Molto presto, le esigenze della coltivazione del caffè motivarono un trasferimento accelerato di prigionieri dalle altre province al sud-est e, all'interno di quella regione, dalle città alle campagne. I mercanti di schiavi giravano per le province, bussando alle porte dei proprietari terrieri urbani e rurali, offrendo prezzi che non potevano rifiutare per i giovani lavoratori ridotti in schiavitù, impiegati in gran numero in attività poco redditizie. La stessa letteratura narrativa in prosa si è mobilitata nella stessa direzione. I prigionieri lasciati per mare o per le strade campestri dell'entroterra. Questo terribile sradicamento forzato di una comunità di lavoratori già nata in Brasile è un fenomeno poco studiato.

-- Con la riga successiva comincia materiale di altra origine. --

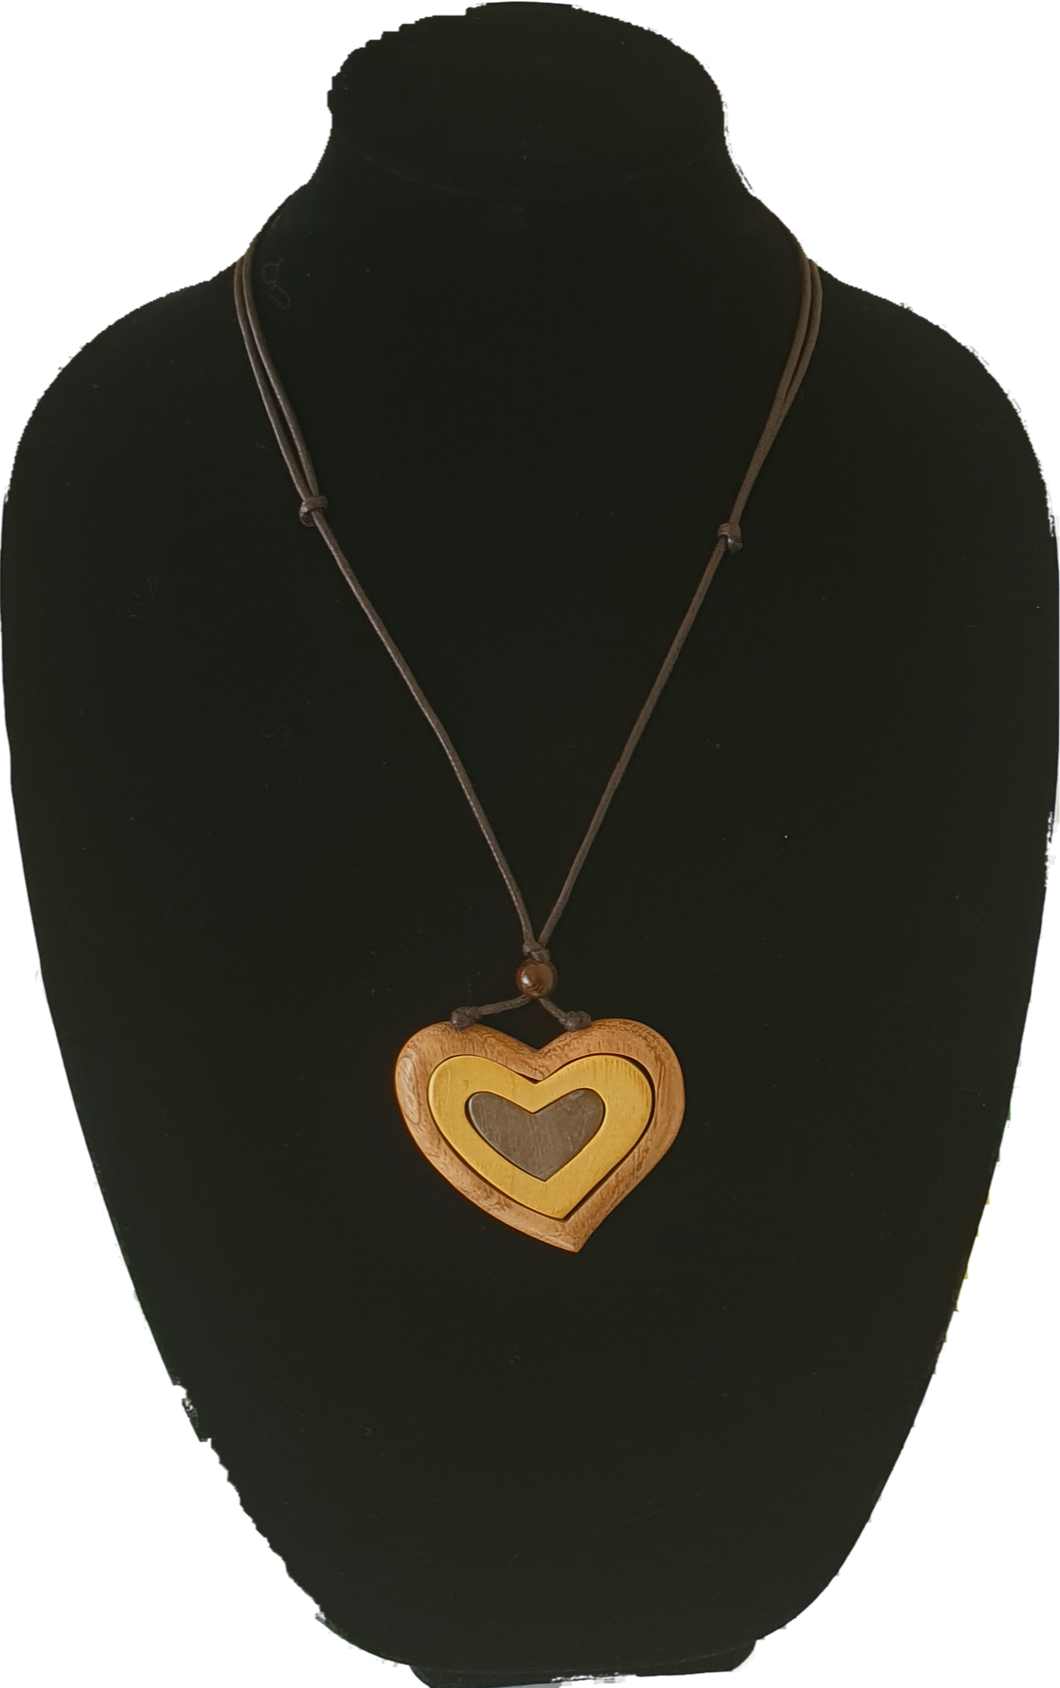 Wooden Hearts Necklace Cinnamon Creations

Per tre decenni, soprattutto dopo il 1850, il commercio interprovinciale ha fornito, seppur in modo insufficiente, il fabbisogno della coltivazione del caffè, determinando una forte concentrazione della popolazione servile nel sud-est, con trasformazioni sociali e politiche decisive per l'Impero del Brasile. Negli anni '1870 dell'Ottocento, su poco più di un milione e mezzo di prigionieri nel paese, circa trecentomila vivevano a Rio de Janeiro. Anche Minas Gerais e San Paolo concentrarono folle di lavoratori. A quel tempo, mentre la popolazione schiava del sud-est era costituita da giovani lavoratori, per lo più uomini, quella del resto del Brasile era costituita principalmente da bambini, con particolare attenzione ai vecchi prigionieri di entrambi i sessi respinti dal traffico interprovinciale, poiché erano incapaci di sopportare il duro lavoro nelle piantagioni di caffè.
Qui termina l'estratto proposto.